Bulk RNA sequencing deconvolution of pancreatic ductal adenocarcinoma identifies cancer-associated fibroblast subsets associated with survival and tumor microenvironment composition

Pancreatic ductal adenocarcinoma (PDAC) is a highly lethal cancer characterized by a high abundance of cancer-associated fibroblasts (CAFs), which influence therapy response, tumor biology and tumor aggressiveness. CAFs are a heterogeneous cell type and previous single-cell RNA sequencing (scRNAseq) of PDAC tumors identified three main CAF subtypes: myofibroblastic, inflammatory and antigen-presenting CAFs (myCAF, iCAF, apCAF, respectively). However, scRNAseq on large patient cohorts is often not feasible due to costs and technical constraints. Therefore, bulk RNAseq deconvolution can be used to identify cell types within the heterogeneous tumor microenvironment. Here, Statescope deconvolution was used to identify different cell types of the tumor microenvironment within an early onset PDAC cohort, comprising 74 patients aged under 60. Three CAF populations were identified (iCAFs, myCAFs and desmoplastic CAFs), and their correlations with tumor microenvironment components, mutational signatures and survival were examined. iCAFs were associated with classical-like tumor cells, whereas myCAFs and desmoplastic CAFs correlated with basal-like tumor cells.
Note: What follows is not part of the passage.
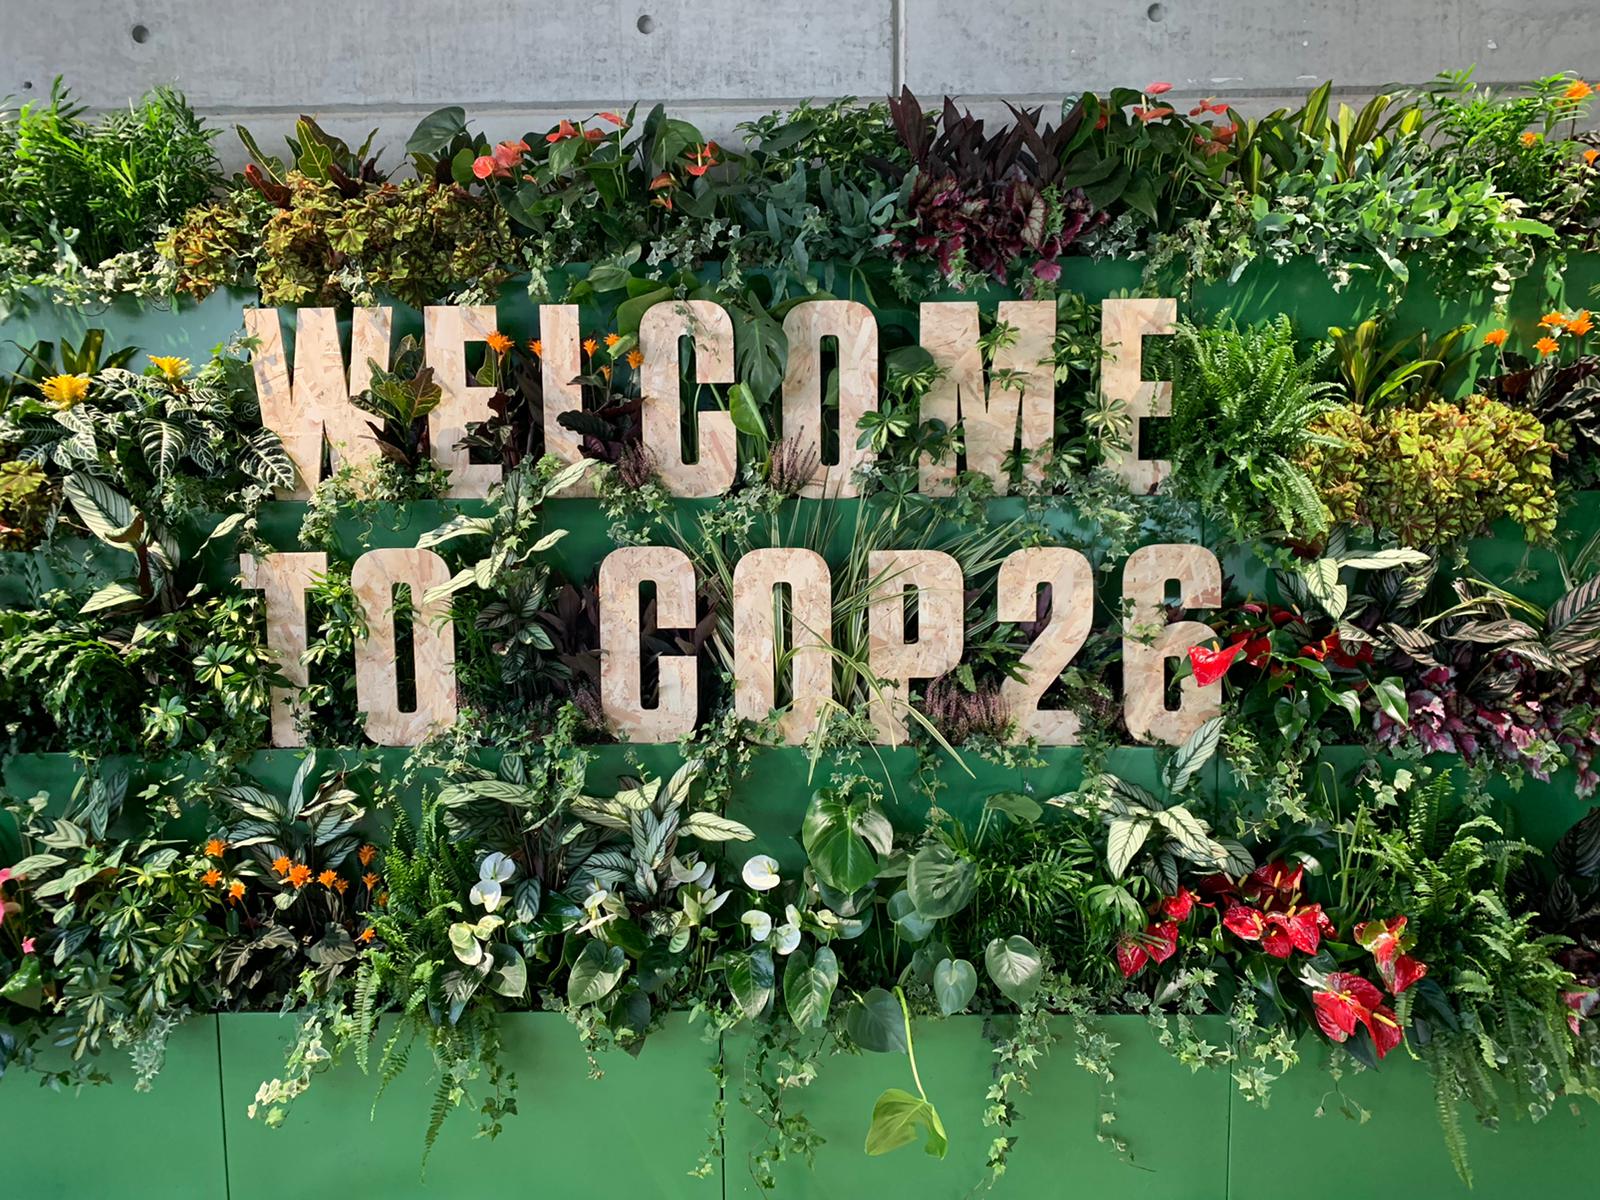 COP26 cover photo 2021

Desmoplastic CAFs are associated with inflammatory granulocytes/neutrophils, while negatively associating with monocyte-derived macrophages and immature/transitional B cells. No associations were observed between mutational signatures and the abundance of CAF and epithelial tumor subtypes. Interestingly, a high abundance of CAFs, and specifically increased iCAF abundance, was associated with improved survival. This iCAF-mediated survival effect was predominantly apparent in female patients. All in all, deconvolution of bulk RNA sequencing data, followed by its integration with clinical and biological parameters, reveals the heterogeneity and prognostic implications of CAF subpopulations in the tumor microenvironment of early onset PDAC patients.